3) Set the value to send
4) Finally we give the browser the command submit, that "packs" the request and sends it to the browser. Pack means that the various parameters are encoded as expected.
And WebLogic?
Obviously the above also applies to WebLogic.
But WebLogic also provides a method to map on the application deployment descriptor (weblogic.xml) the character-set with which the encoding will be done. This, unlike the server configuration of Tomcat, is part of each application and therefore can be safely used without interfering with each other, plus also has the advantage of being configurable at path level, this mean that if we need we can use a different encoding for different path. An example of such a configuration, adapted to this use-case, is as follows:
<?xml version="1.0" encoding="UTF-8"?>
<wls:weblogic-web-app xmlns:wls="http://www.bea.com/ns/weblogic/90"
xmlns:xsi="http://www.w3.org/2001/XMLSchema-instance"
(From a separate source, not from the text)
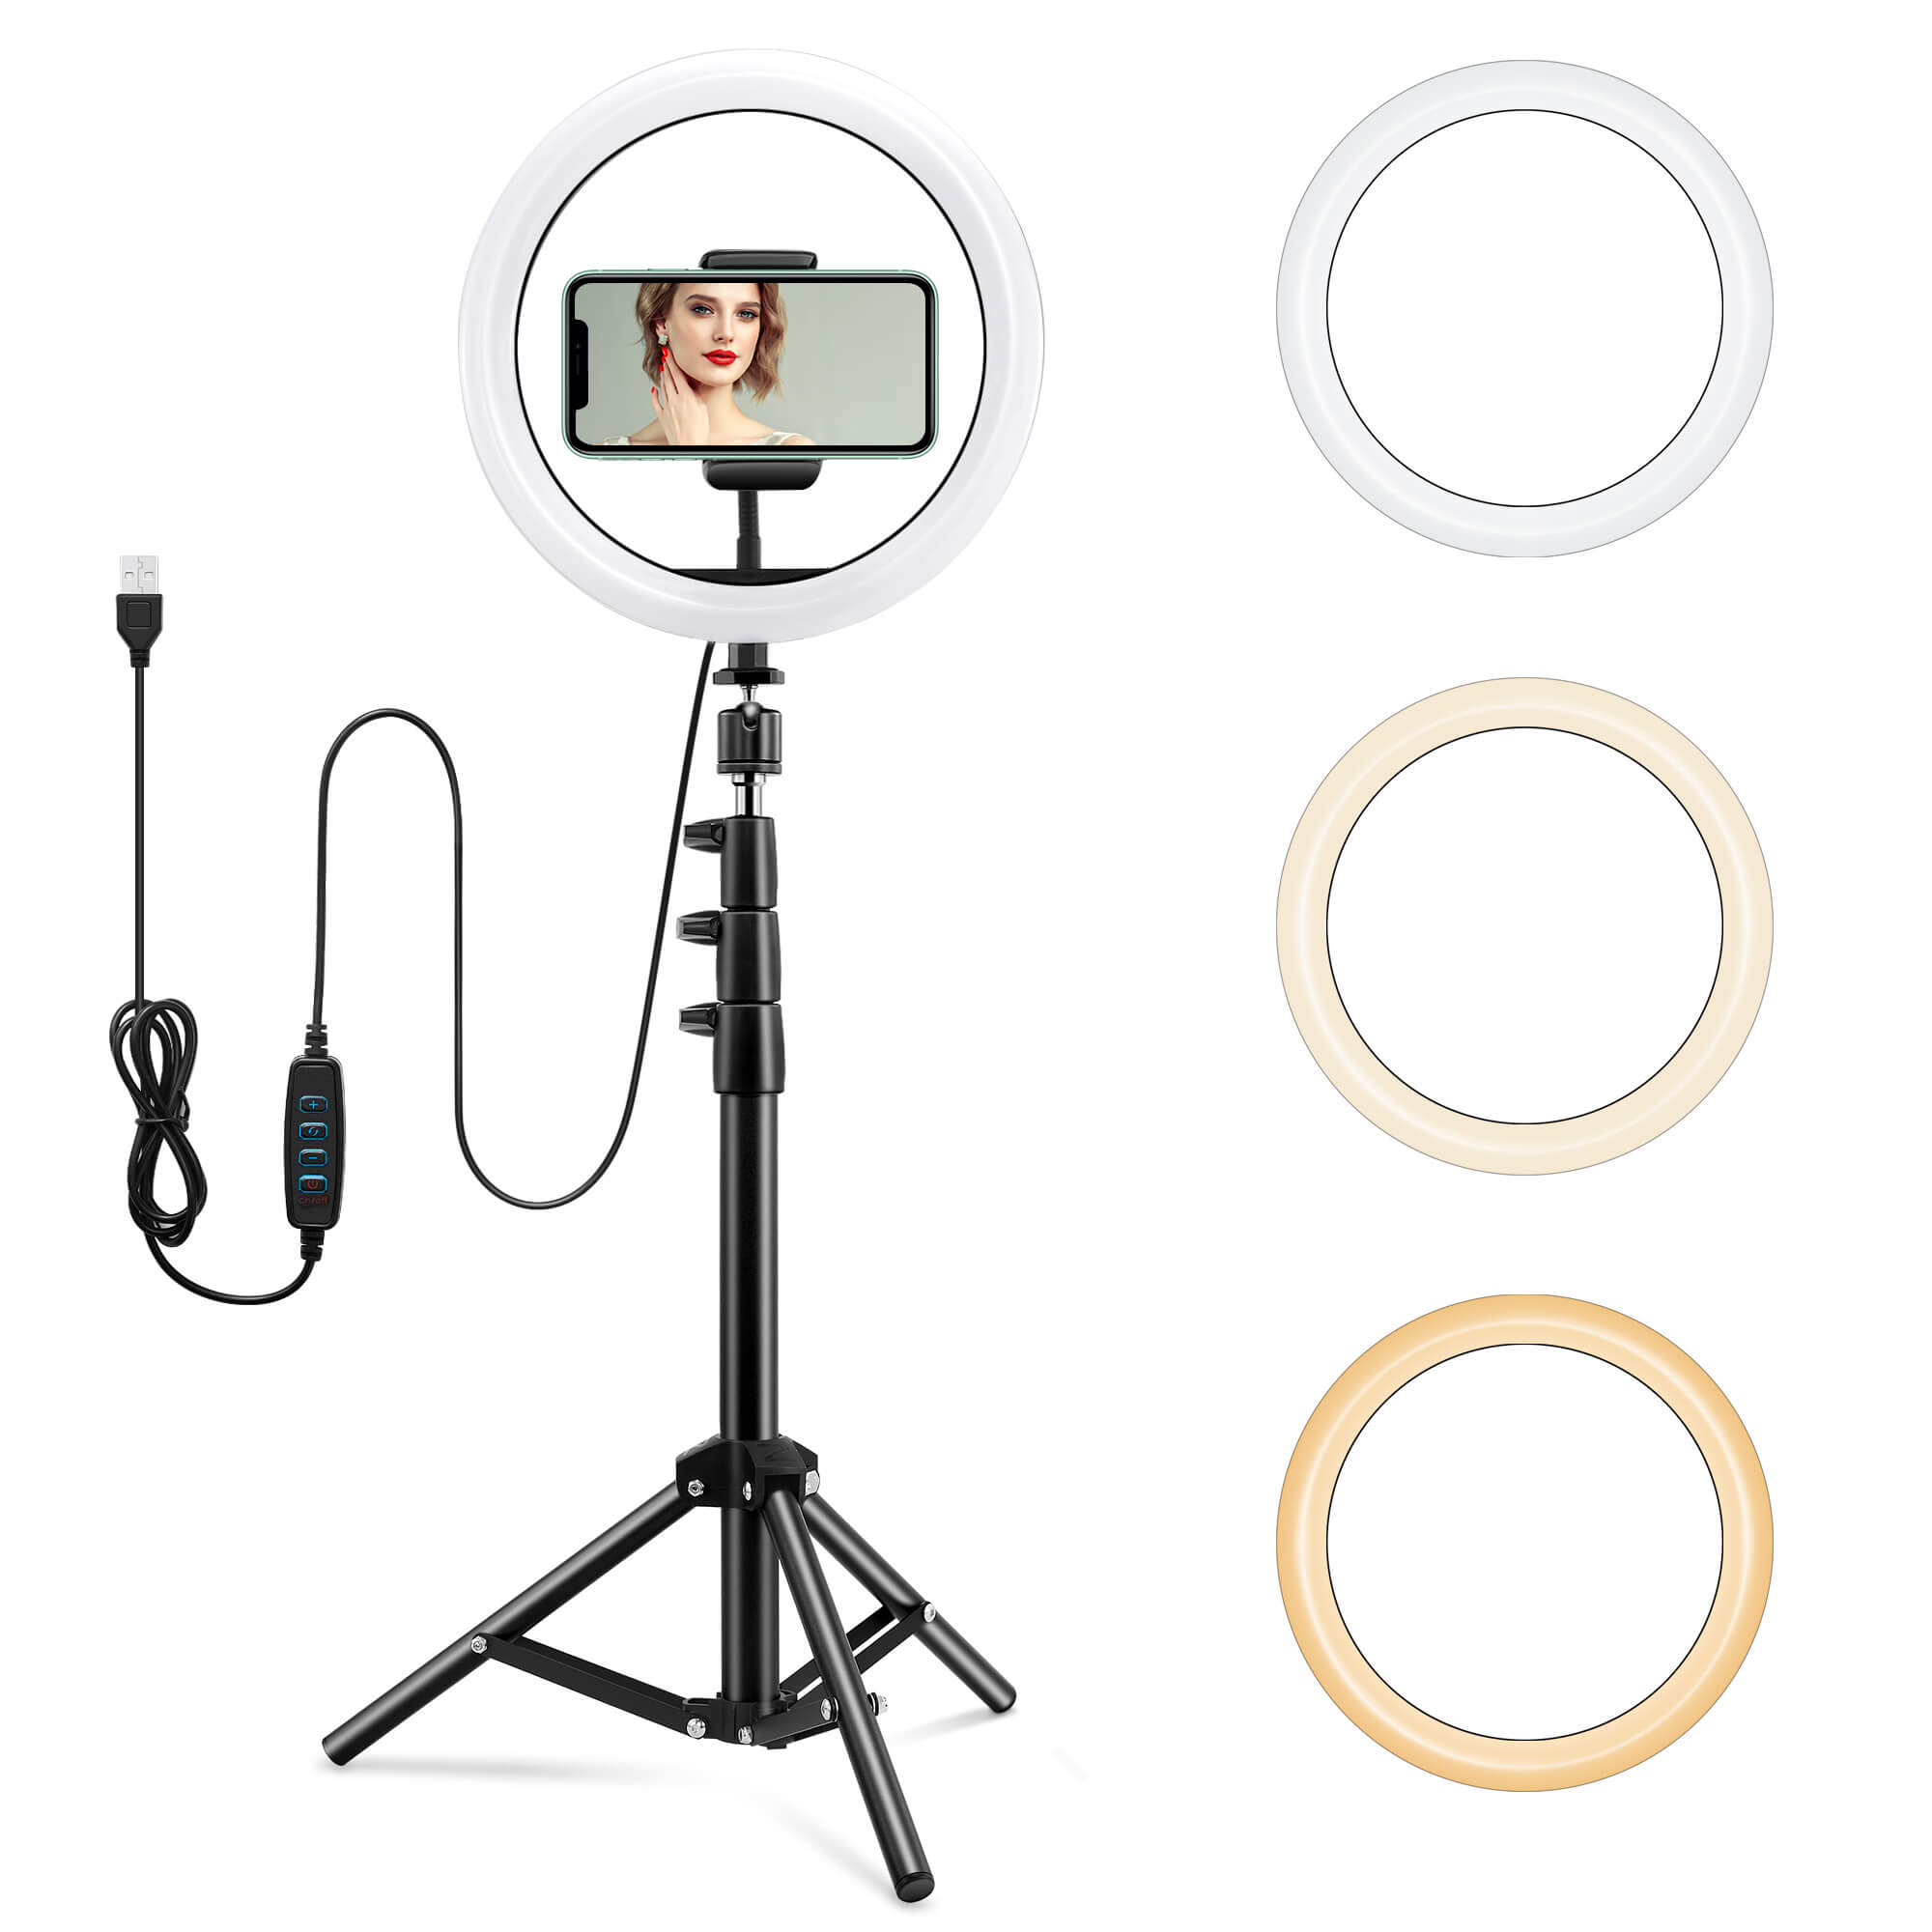 Ring Light for YouTube Video/Live Stream/Makeup/Photography Selfie Ring Light 10.2 Ring Light with Stand and Phone Holder 16.56 to 53.5 3 Lighting Modes and 11 Brightness Levels Adjustable

xsi:schemaLocation="http://java.sun.com/xml/ns/j2ee http://java.sun.com/xml/ns/j2ee/web-app_2_4.xsd http://www.bea.com/ns/weblogic/90 http://www.bea.com/ns/weblogic/90/weblogic-web-app.xsd">
<wls:weblogic-version>10.0</wls:weblogic-version>
<wls:context-root>encoder-test</wls:context-root>
<wls:charset-params>
<wls:input-charset>
<wls:resource-path>/encoder</wls:resource-path>
<wls:java-charset-name>UTF-8</wls:java-charset-name>
</wls:input-charset>
<wls:input-charset>
<wls:resource-path>/other</wls:resource-path>
<wls:java-charset-name>iso-8859-1</wls:java-charset-name>
</wls:input-charset>
</wls:charset-params>
</wls:weblogic-web-app>
This way, passing the URL "/encoder-test/encoder?encoded=caf%C3%A8" the engine will properly parse and the Java String extracted with request.getParameter ("encoded") will be "caffè".
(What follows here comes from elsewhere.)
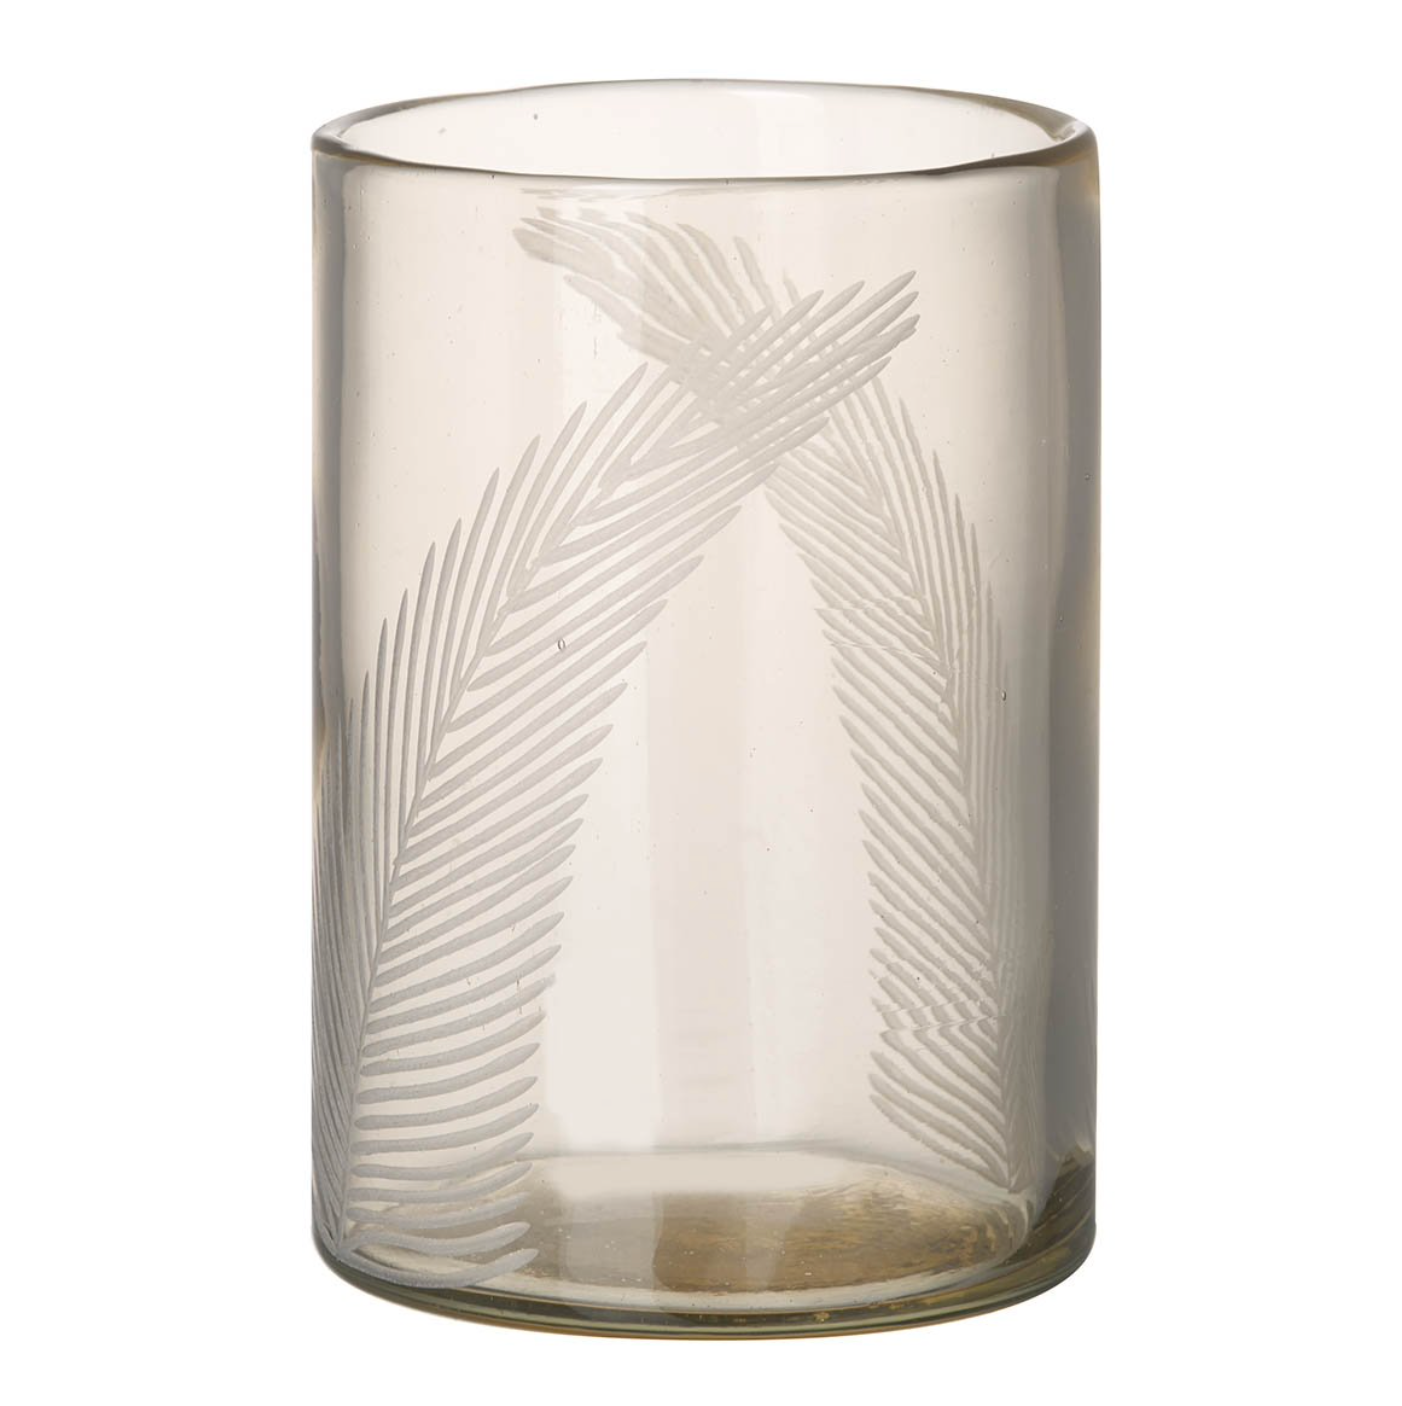 Parlane Living Itched Fern Candle Holder

But it's worth using this approach?
Not in my opinion. Primarly because we shift to use a non standard feature of the container (and this is something that I agree only if there is no alternative) and then because we still have the problem with the "+", which is parsed as a "space".
Maybe there are some use-case for which is convenient, for example, if for some obscure reasons we can not make the request with a form, so it is good to know it exists.
Attached the Maven project I used for the tests.